Hey guys. If this is my fault for not clearing out my cookies or just being generally retarded then I offer my apologies for posting this in the first place. I love this site, and for some reason I'm having my IP address banned every few hours which sucks. Seriously, about 50% to 70% of the time I'm unable to access this awesome site.

I've sent emails recently each time after I've been banned to admin here, but maybe it's just something that happens?

Please help - I'd live on this site if I could. Awesome place.


----------



## Zepp88 (Jul 18, 2008)

You get IP banned daily??!


----------



## TheSixthWheel (Jul 18, 2008)

Yeah, all the damn time. I don't know what the go is. Most times when I come here, it's a toss up whether or not I'm going to even get in. Any advice? Would a different browser or something that small make a difference?


----------



## Zepp88 (Jul 18, 2008)

Well, if you are actually getting banned than you would get a message from the mods when you log in.

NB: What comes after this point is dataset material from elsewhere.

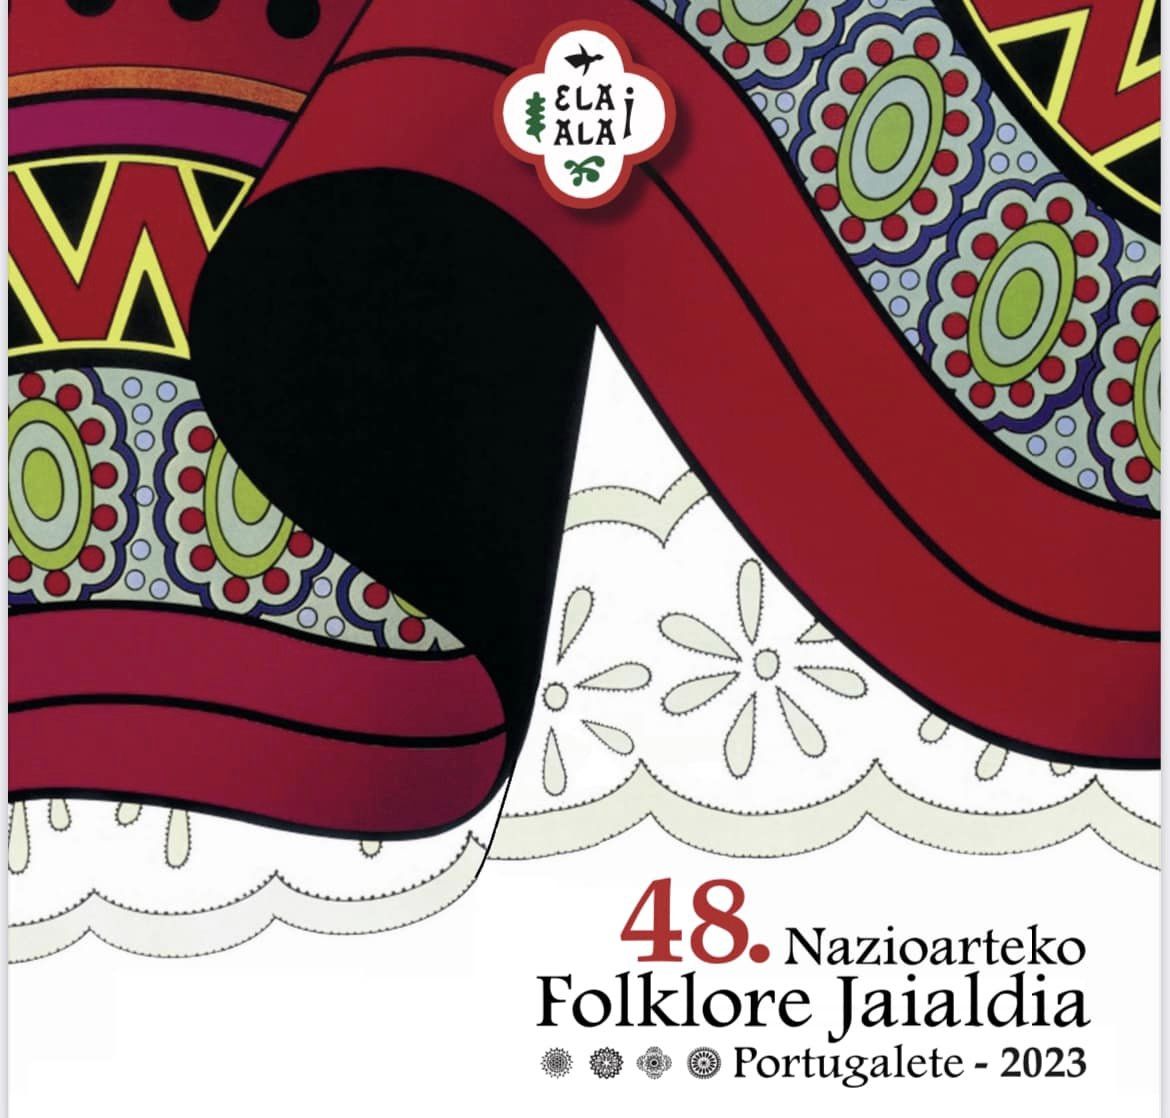 Nazioarteko Folklore Jaialdia - Portugalete

Try clearing your cache and cookies, might help the issue.

If you were actually getting IP banned every day, they would just permanently ban you


----------



## TheSixthWheel (Jul 18, 2008)

Yeah, for sure. Although I never post anything worth being banned for. When I log in up comes a message saying something like: "Your IP address had been banned by admin"

Cleared cookies and cache, we'll see if it keeps happening. Cheers, guy.


----------



## Celiak (Jul 18, 2008)

I get that too when I log into the site through the computer upstairs that other people use, but not my personal one. I've wondered why but it's never been a big deal to me, since I can just use this computer. My first thought would be that they had their own username and did something to get banned from the site, but they only play 6 strings so...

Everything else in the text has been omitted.